Table 5. Hsa-miR-130a-3p-mediated circRNA-mRNA ceRNA network.

Name up/down regulation Degree ceRNA type
hsa-miR-130a-3p down 10 miRNA
TRPM3 up 1 mRNA
hsa_circ_0089378 up 1 CircRNA
hsa_circ_0083357 up 1 CircRNA
hsa_circ_0082824 up 1 CircRNA
hsa_circ_0068942 up 1 CircRNA
hsa_circ_0057576 up 1 CircRNA
hsa_circ_0054537 up 1 CircRNA
hsa_circ_0051172 up 1 CircRNA
hsa_circ_0032970 up 1 CircRNA
hsa_circ_0006323 up 1 CircRNA

DISCUSSION

The ceRNAs play a key role in post-transcriptional regulation and have been implicated in cardiovascular disease [12, 1415]. In our previous study, we reported several miRNAs associated with CAD, but their actions were unknown [13]. In order to deciphere the ceRNA mechanisms related to CAD, we constructed a global ceRNA-miRNA-mRNA triple network using the miRanda database. We identified 9 circRNAs and 1 mRNA that formed a network with hsa-miR-130a-3p. This study sheds new insights to exploring the complex post-transcriptional regulatory networks via ceRNA interactions and identifying pathways that are altered in CAD. Subsequently, specific ceRNAs can be therapeutically used to modulate specific pathways that are involved in CAD pathology.
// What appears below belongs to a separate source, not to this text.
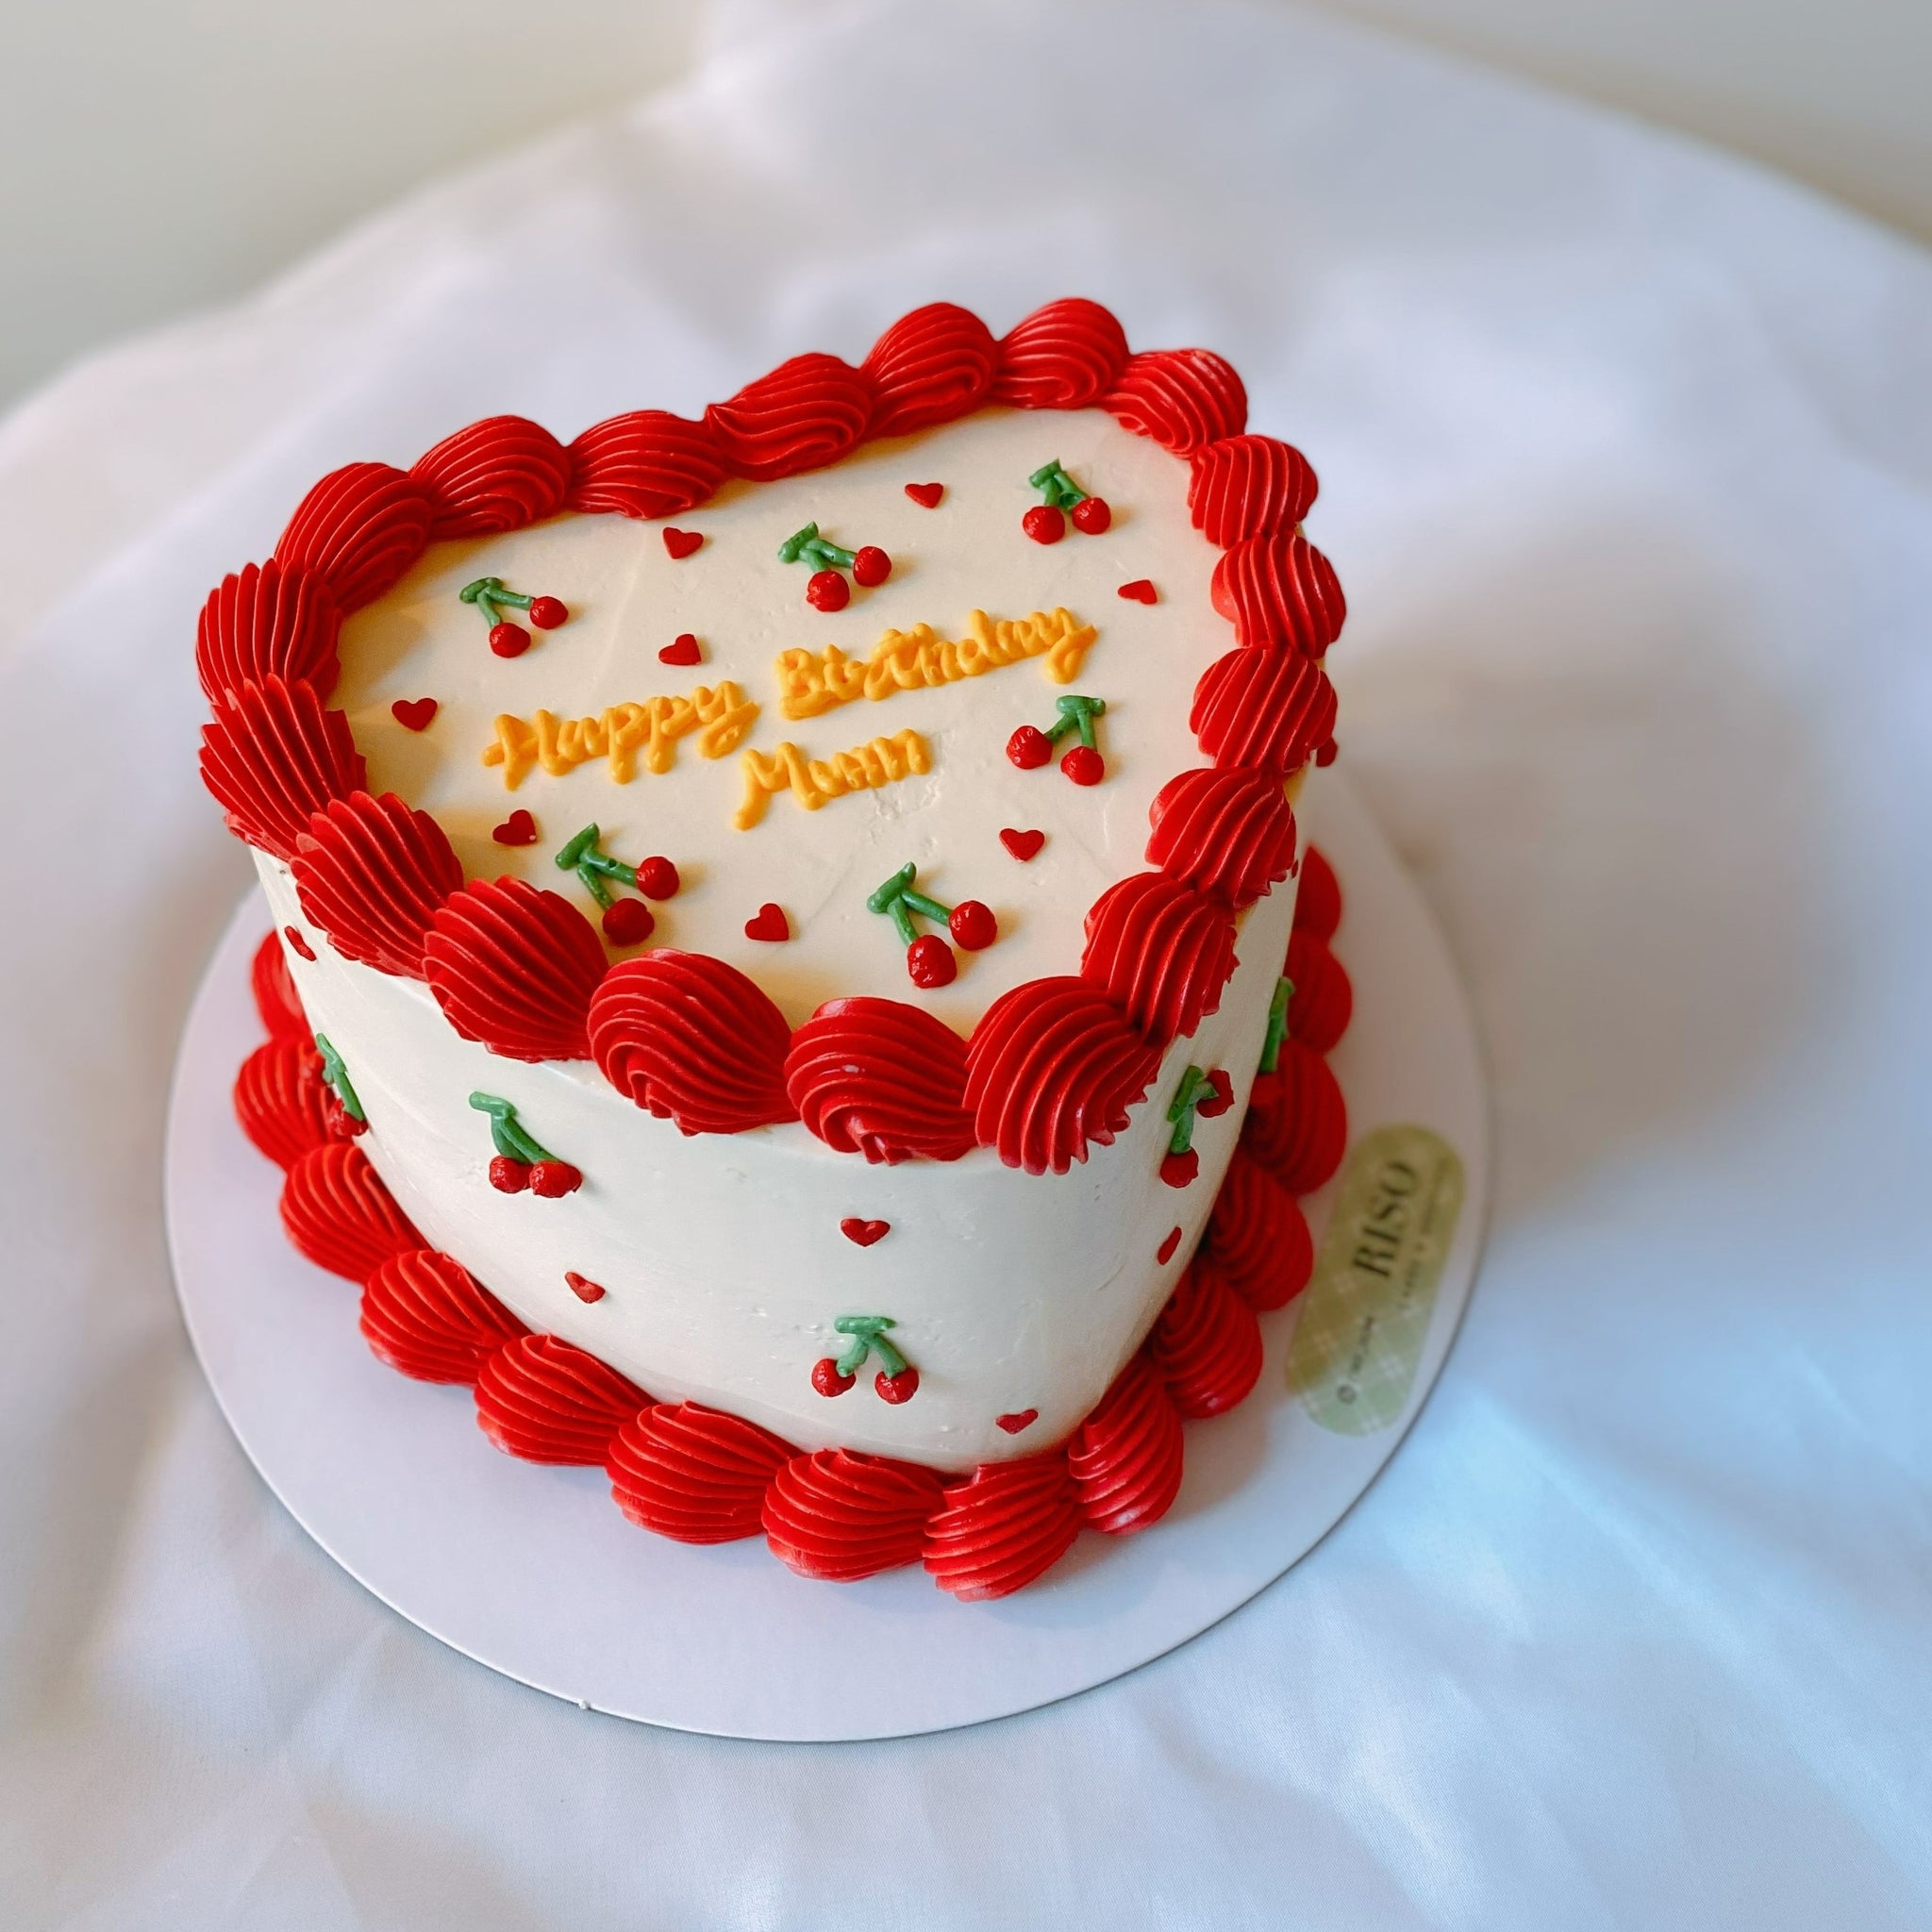 Order Pineapple Cherry Cake Online @ Rs. 1469 - SendBestGift

The miR-130 precursor is a small non-coding RNA that has been identified in mice (MI0000156, MI0000408), humans (MI0000448, MI0000748) and a range of vertebrate species (MIPF0000034). Mature miR-130 is generated by the dicer enzyme upon excision from the 3′ arm of the hairpin. MiR-130a-3p is inversely associated with coronary atherosclerosis with its down-regulation contributing to endothelial progenitor cell dysfunction in subjects suffering from coronary artery disease [1618]. Therefore, miR-130a-3p has therapeutic potential for the prevention and treatment of CAD. Its regulation by ceRNAs as shown in this study represents one possible mode of regulation that is clinically applicable.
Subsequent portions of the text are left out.